As a side note: Anyone in the Tidewater area interested in enduro give me a shout via PM.


----------



## kf4knf (Nov 18, 2006)

Well I now have some plexi soaking in acetone.  [8D]  Can anyone report on how long it actually takes to disolve all the plexi into liquid form?  I was assuming a few days to maybe just shy of a week...


----------



## terrymiller (Nov 18, 2006)

Steve that is about right I would shake or stir the contents any time I thought about it.  Be warned that it may never fully disolve there may always be a lump of undisolved material.  I disolved mine to consistency of about cold corn syrup a really thick solution.


----------



## TBone (Nov 18, 2006)

Scot, I too am still working on getting the "swirls" out of my plexi but I too like it better than the CA.  No fumes.  I just tried my first lacquer dip and looks like it's going to be very good.  Just a lot slower.  I've been spraying but sometimes don't get complete coverage.  I have a 2 oz size of the Enduro to try also.  Thanks to Terry for giving us the solution, had to go out of town for work and haven't had time to start my solution.


----------



## samuel07 (Nov 18, 2006)

I just made some in a quart mason jar and it took about three days to dissolve, but I oly have the jar about 1/3 full.


----------



## bob393 (Nov 18, 2006)

OK: Now this is interesting stuff.


----------



## kf4knf (Nov 19, 2006)

I checked up on my solution today and you can begin to see the plexi breaking down.  So far this expirement is going good.  []


----------



## dbriski (Nov 20, 2006)

Does anyone have problems of bubbles in their plexi finish after it is applied?  It seams the acetone is trying to gass off from the side contacting the wood and the bubbles get traped.  Am I maybe using too thick of a solution, its like between medium and thick CA.


----------



## terrymiller (Nov 20, 2006)

David I would try to thin it down a little I like mine between thin and med Ca consistency.  When I apply mine I pour a little on a paper towel then apply it to the blank with the lathe spinning.  I have not had a whole lot of problems with bubbles since the beginning after thinning down the solution.


----------



## TBone (Nov 20, 2006)

Terry,

Was practicing last night on a scrap and although I had to do some wet sanding, it turned out really good and I only took it as far as 2400 MM.  That was all I needed to see, now I realize I can fix my "swirlies" and get the finish I've been looking for.  Now let's see if I can duplicate it on an entire pen.  Thanks


----------



## turned_for_good (Nov 20, 2006)

I don't get it taking a week to disolve the plexi.  I started a small batch on Sat. night around 11:00 and Sun around noon it was all disolved with no cloudiness, streaks or veins.  It was perfectly clear.  I dont know if its the brand I used or what but it only took overnight to disolve into a nice thick mixture.


----------



## TBone (Nov 20, 2006)

> _Originally posted by turned_for_good_
> <br />I don't get it taking a week to disolve the plexi.  I started a small batch on Sat. night around 11:00 and Sun around noon it was all disolved with no cloudiness, streaks or veins.  It was perfectly clear.  I dont know if its the brand I used or what but it only took overnight to disolve into a nice thick mixture.

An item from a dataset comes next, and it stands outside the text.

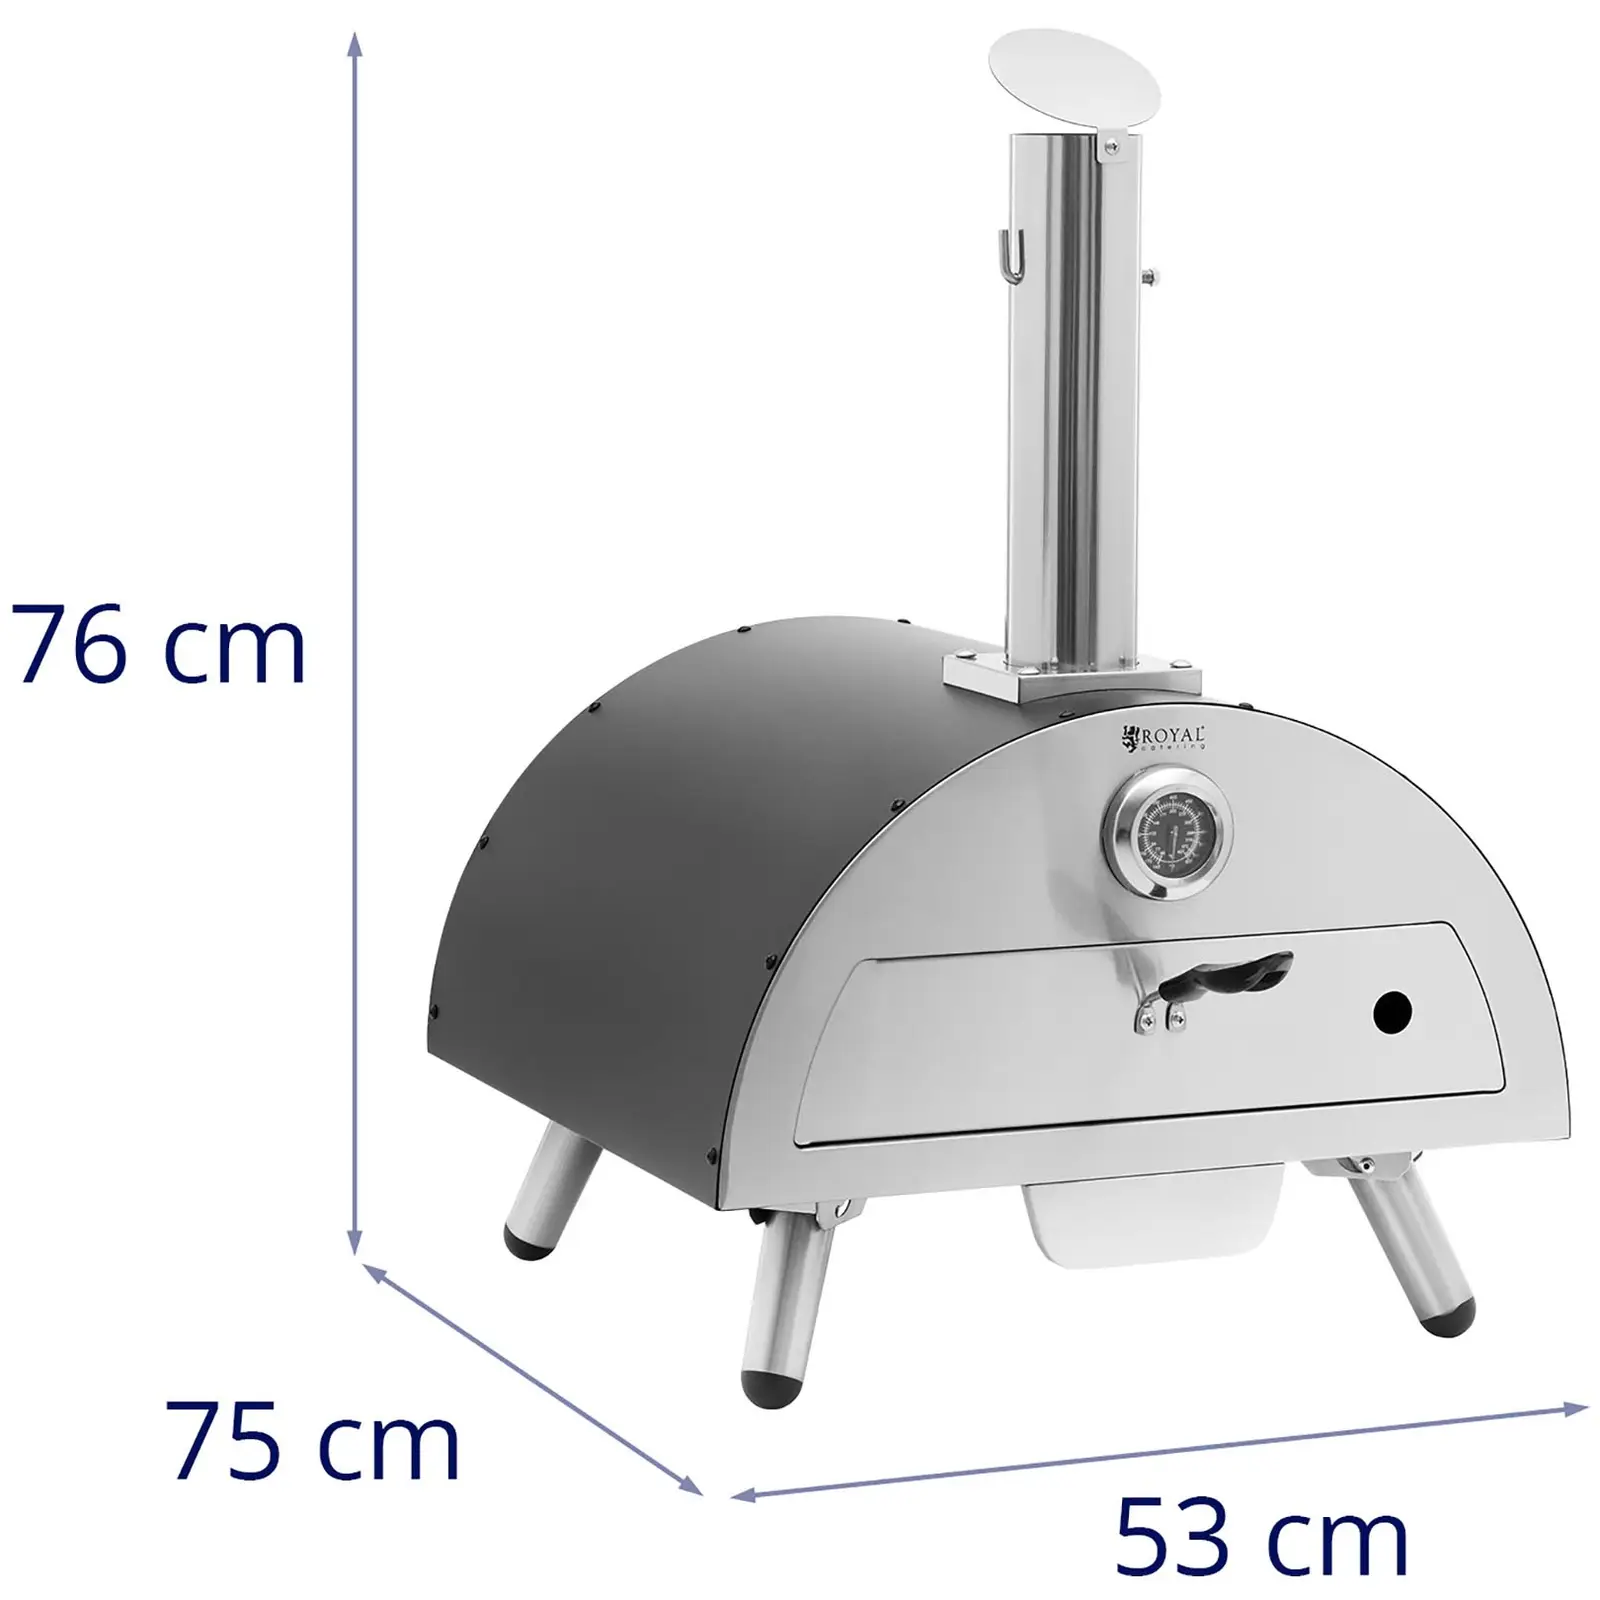 Holz-Pizzaofen - Cordierit - 190 °C - Ø 33 cm - Royal Catering

How much plexi did you have in and how large a container?  I started a quart jar last night with one 8X10 piece broken up and about 1/3 full of acetone.  It was dissolved enough that the plexi wouldn't move from one lump by shaking, needed stirring in about 3 hours.  Terry starts his with a lot of plexi and makes it thick as syrup and then puts some in a small bottle and adds more acetone to thin it.  If there's less plexi to start, it will dissolve quicker.  Also will depend on the thickness of plexi.  I used .080 which the thinnest I can find.  Thicker will dissolve slower.


----------



## Chuck B (Nov 21, 2006)

> _Originally posted by turned_for_good_
> <br />I don't get it taking a week to disolve the plexi.  I started a small batch on Sat. night around 11:00 and Sun around noon it was all disolved with no cloudiness, streaks or veins.  It was perfectly clear.  I dont know if its the brand I used or what but it only took overnight to disolve into a nice thick mixture.



What type of plexi are you using & where did you get it from?
That's the next type of finish I want to try.

Chuck


----------



## kf4knf (Nov 21, 2006)

So I used some of my disvoled plexi last night.  My only advice is - THIN THE SOLUTION! []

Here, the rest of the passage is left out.